South Dallas Public Improvement District: How to Vote
A petition drive is underway to create the Sunny South Dallas PID, funding security and beautification along the MLK corridor near Fair Park.
Scottie Smith II wants South Dallas to get ahead of the wave before the wave gets ahead of South Dallas.
Smith, a community developer and real estate broker along the MLK corridor, is leading a petition drive to create the Sunny South Dallas Public Improvement District, a self-imposed property tax mechanism that would fund security, landscaping, street cleaning and other neighborhood upgrades in an area stretching from Al Lipscomb Way down to Robert B. Cullum Boulevard, with Fair Park sitting inside the proposed boundaries.
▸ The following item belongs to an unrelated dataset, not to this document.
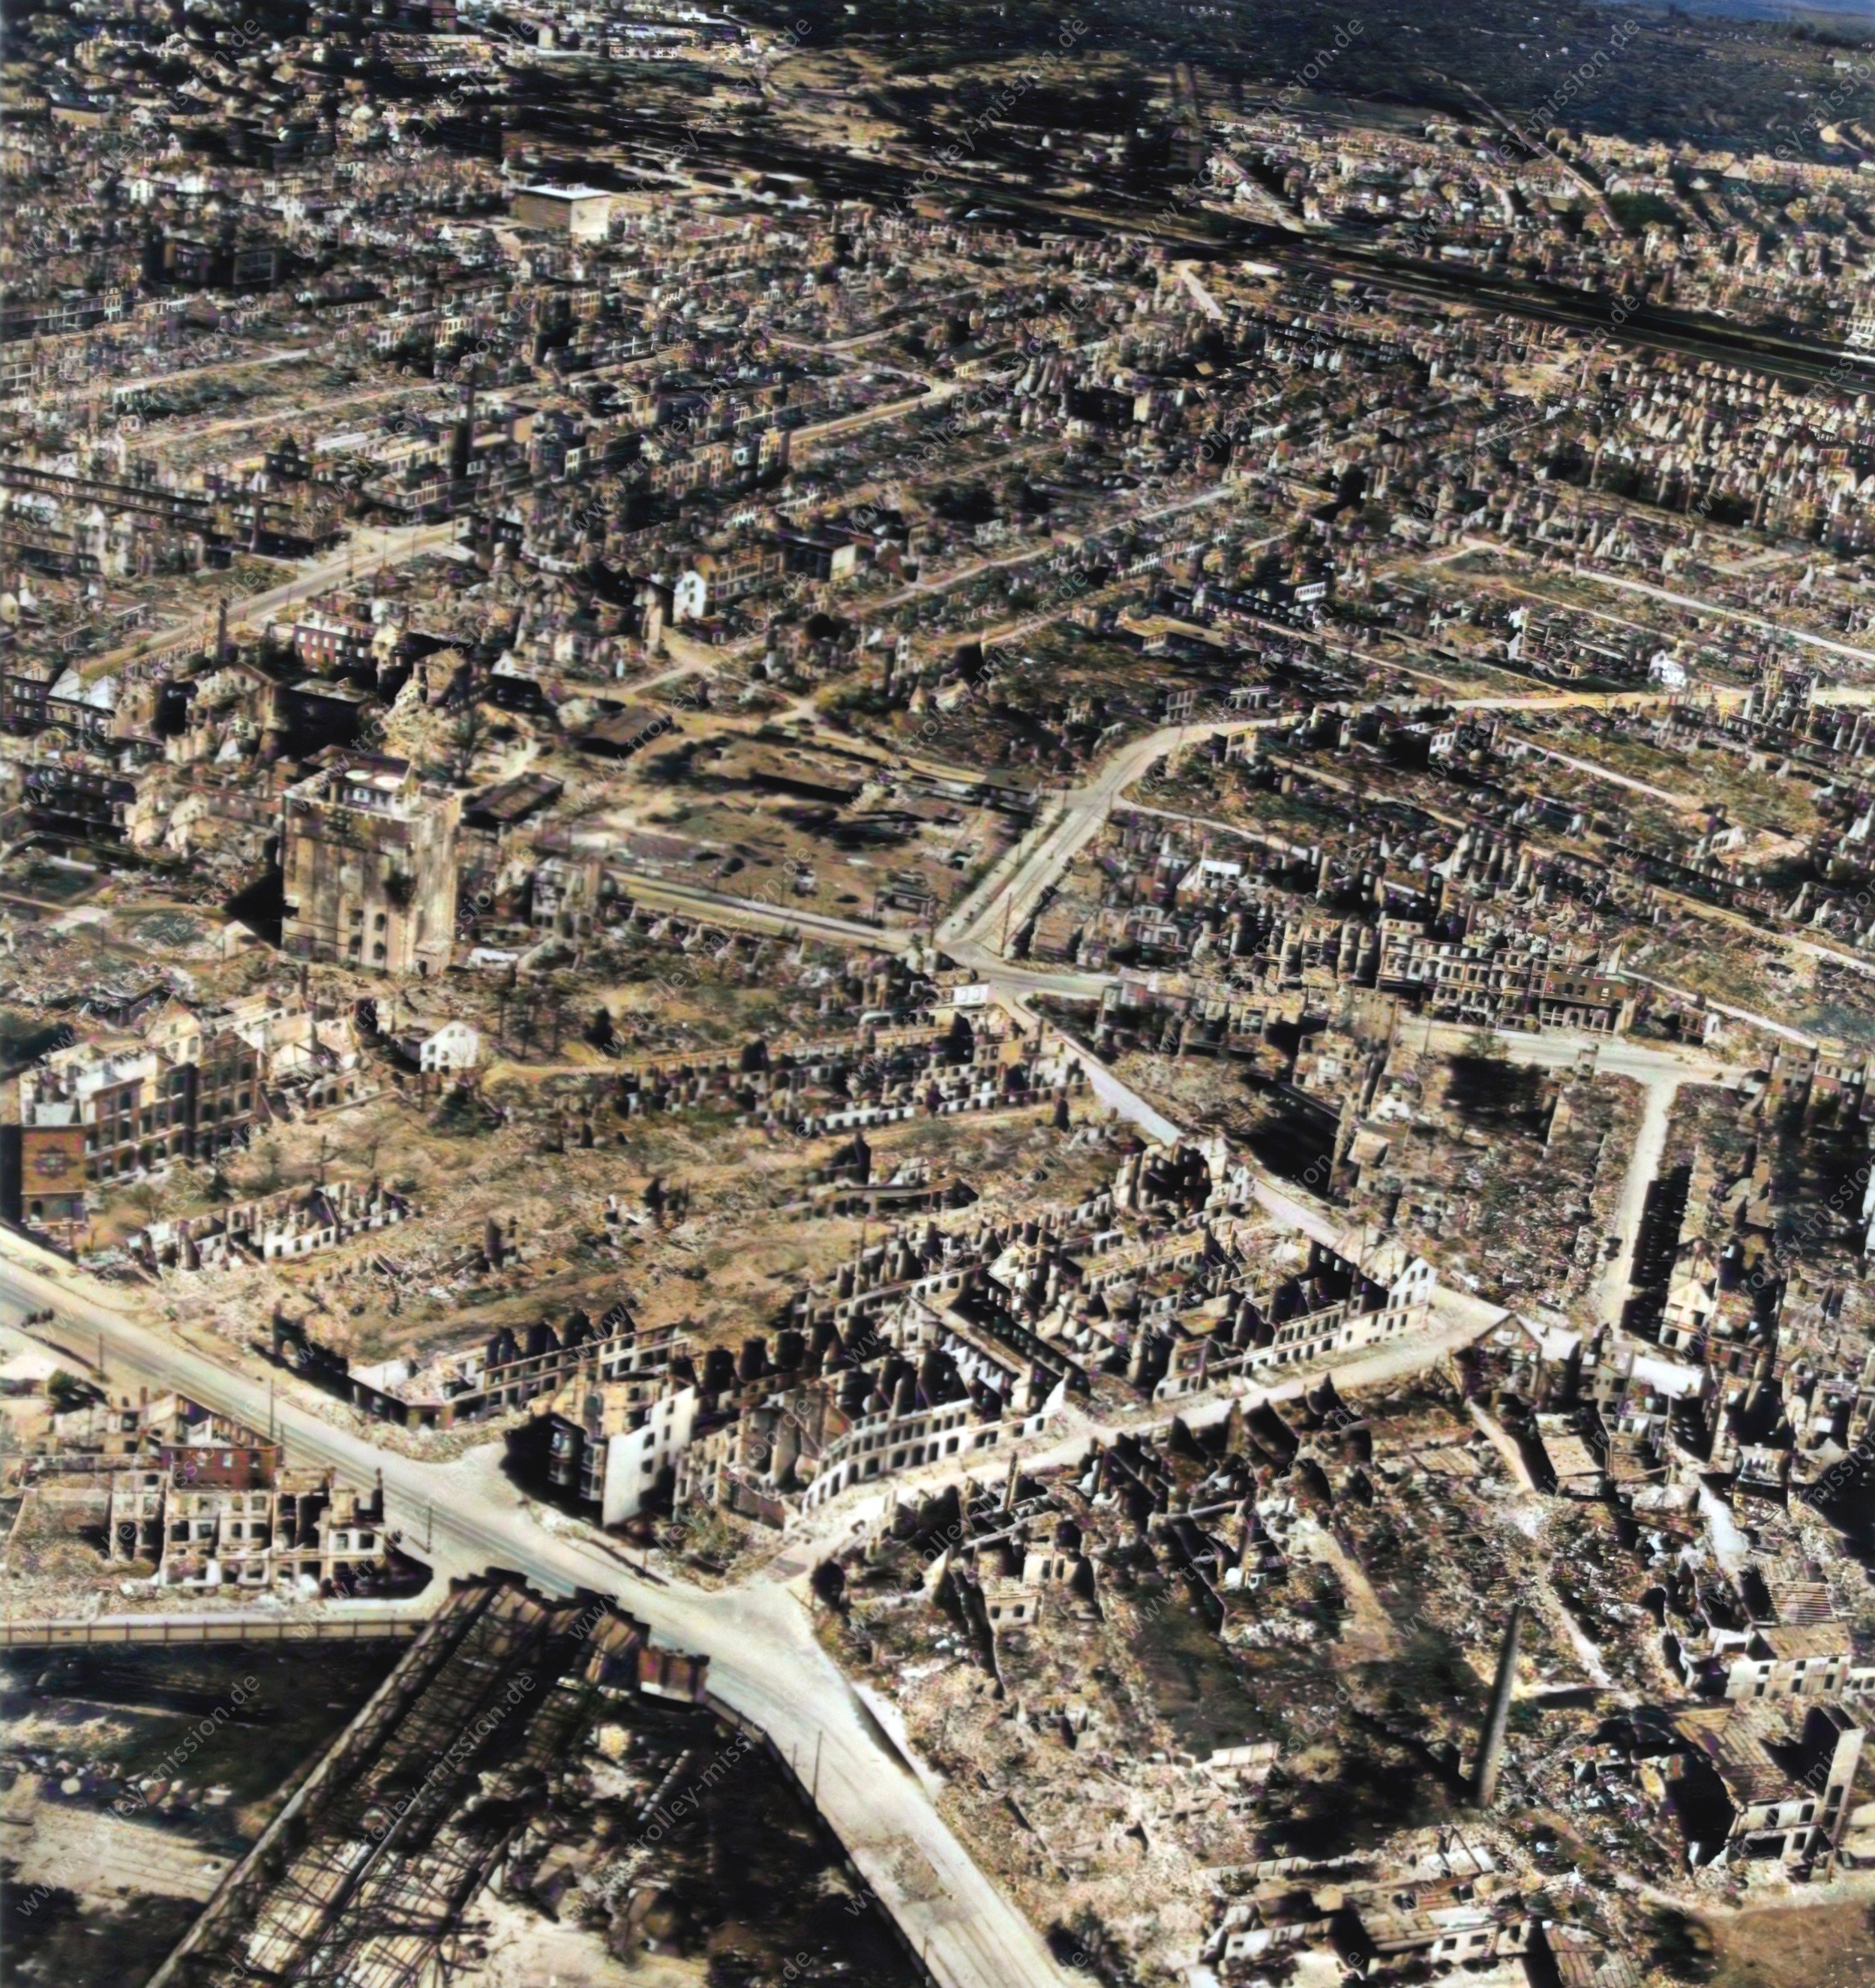 Luftbild Diakonissenbunker Bremen nach künstlicher Kolorierung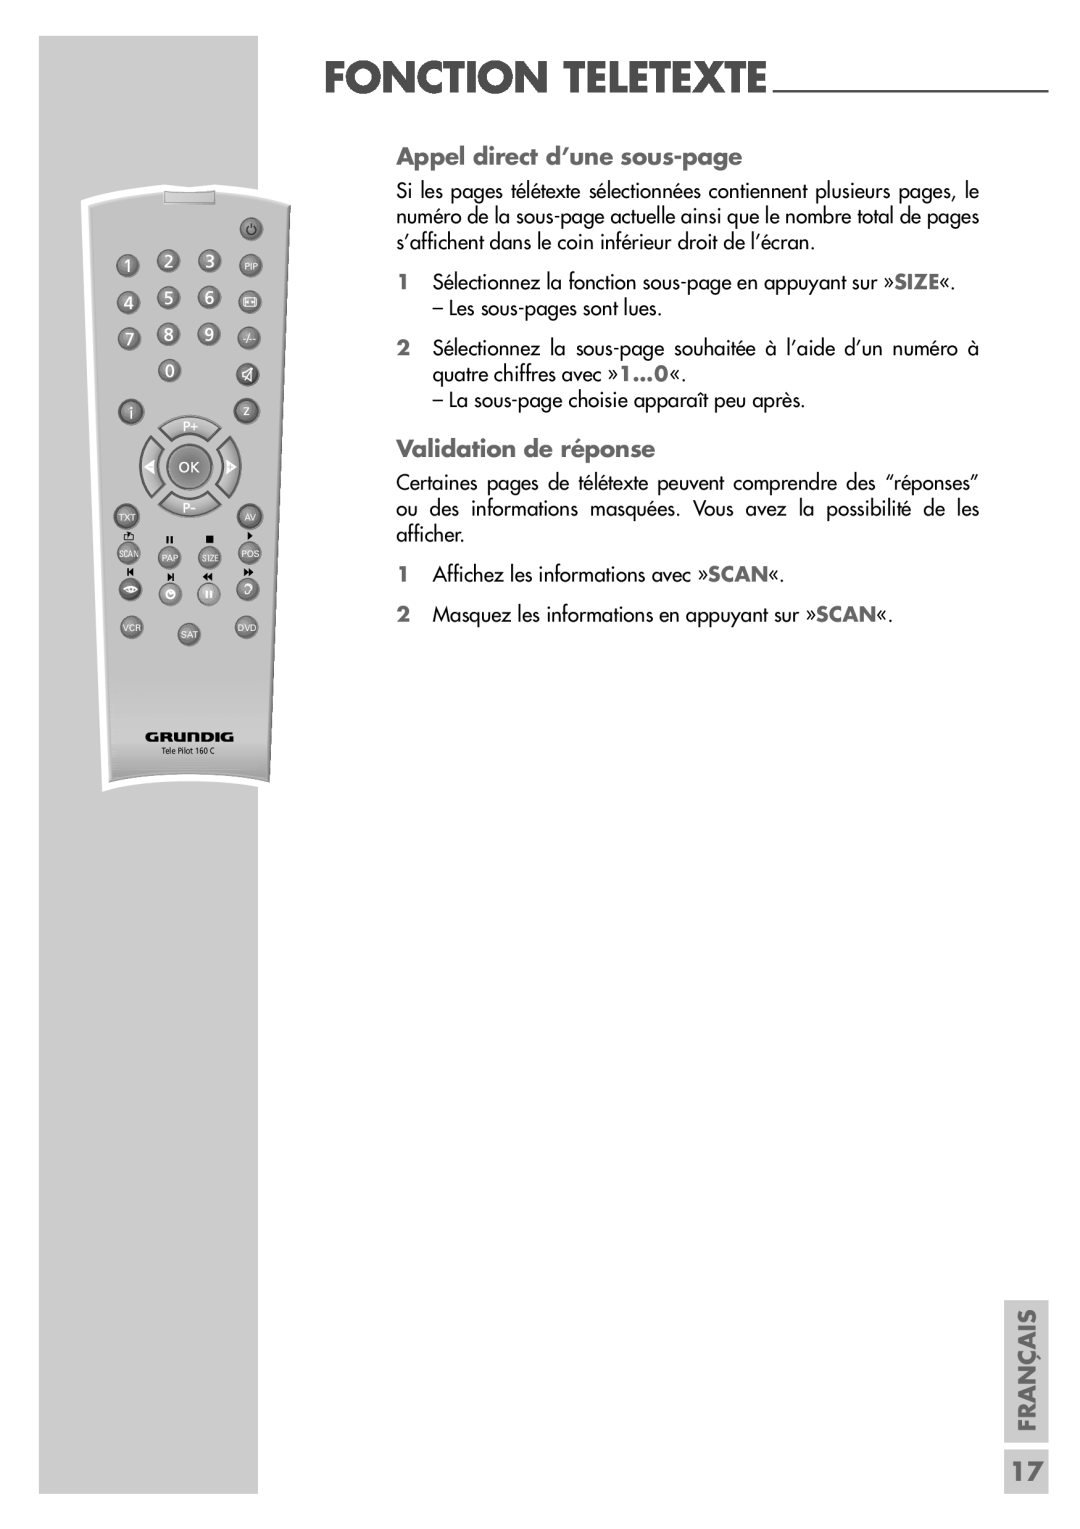 Grundig LW49-7710BS manual Appel direct d’une sous-page, Validation de réponse, Fonction Teletexte, Français

He’s not wrong about the timing. Development pressure along Martin Luther King Jr. Boulevard has been building for years, and Smith says he’s already hearing about projects that haven’t gone public yet.
“We’re at a really, really interesting point in South Dallas, and knowing the amount of development coming over here that I have wind of, coming up and down the MLK corridor, I’m afraid there’s not going to be a way for the community to benefit from that for real,” Smith said. “We’ve seen it before where development came extremely quickly, and then people started getting displaced.”
A PID is a tool Dallas knows well. Deep Ellum, Uptown, Downtown, the Arts District and Redbird all operate under similar structures, each one funded by an additional assessment that property owners within the district pay on top of standard taxes. Not charity. Not a grant. A self-imposed levy that puts neighbors in charge of a specific pot of money.
Under the Sunny South Dallas proposal, property owners inside the district would pay 15 cents per $100 of appraised value annually. A property assessed at $300,000 would add $450 a year to the fund. Smith estimates the district would generate at least $9 million over the next decade. The proposed annual budget leans hard into public safety, directing 42 percent of funds there. District beautification gets 20 percent. Business retention and recruitment draws 7 percent, and capital improvements another 7 percent.
Forest Forward, already operating at 1921 Martin Luther King Jr. Blvd., would manage the PID. Smith is assembling a steering committee to oversee how the money gets spent.
The City of Dallas Office of Economic Development approved his petition plan, and Smith has scheduled four community information sessions over the coming weeks to build the signature count and community support the process requires before the proposal can go to Dallas City Council.
Those sessions run as follows: Dec. 3 at 6 p.m. at Forest Forward Offices, 1921 Martin Luther King Jr. Blvd.; Dec. 10 at 6 p.m. at The Office of Tabitha Wheeler, 2111 S. 2nd Ave.; Dec. 13 at 11 a.m. at the Martin Luther King Jr. Recreation Center, 2922 Martin Luther King Jr. Blvd.; and Dec. 17 at 6 p.m., also at the Recreation Center.
Smith also co-chaired the South Dallas Fair Park Area Plan Task Force, so he’s navigated Dallas planning bureaucracy before. He knows the signatures are the easy part. Keeping a neighborhood coalition intact through a City Council vote and the years of budget decisions that follow, that’s the harder work.
The Dallas Free Press first reported Smith’s petition effort and the proposed district boundaries.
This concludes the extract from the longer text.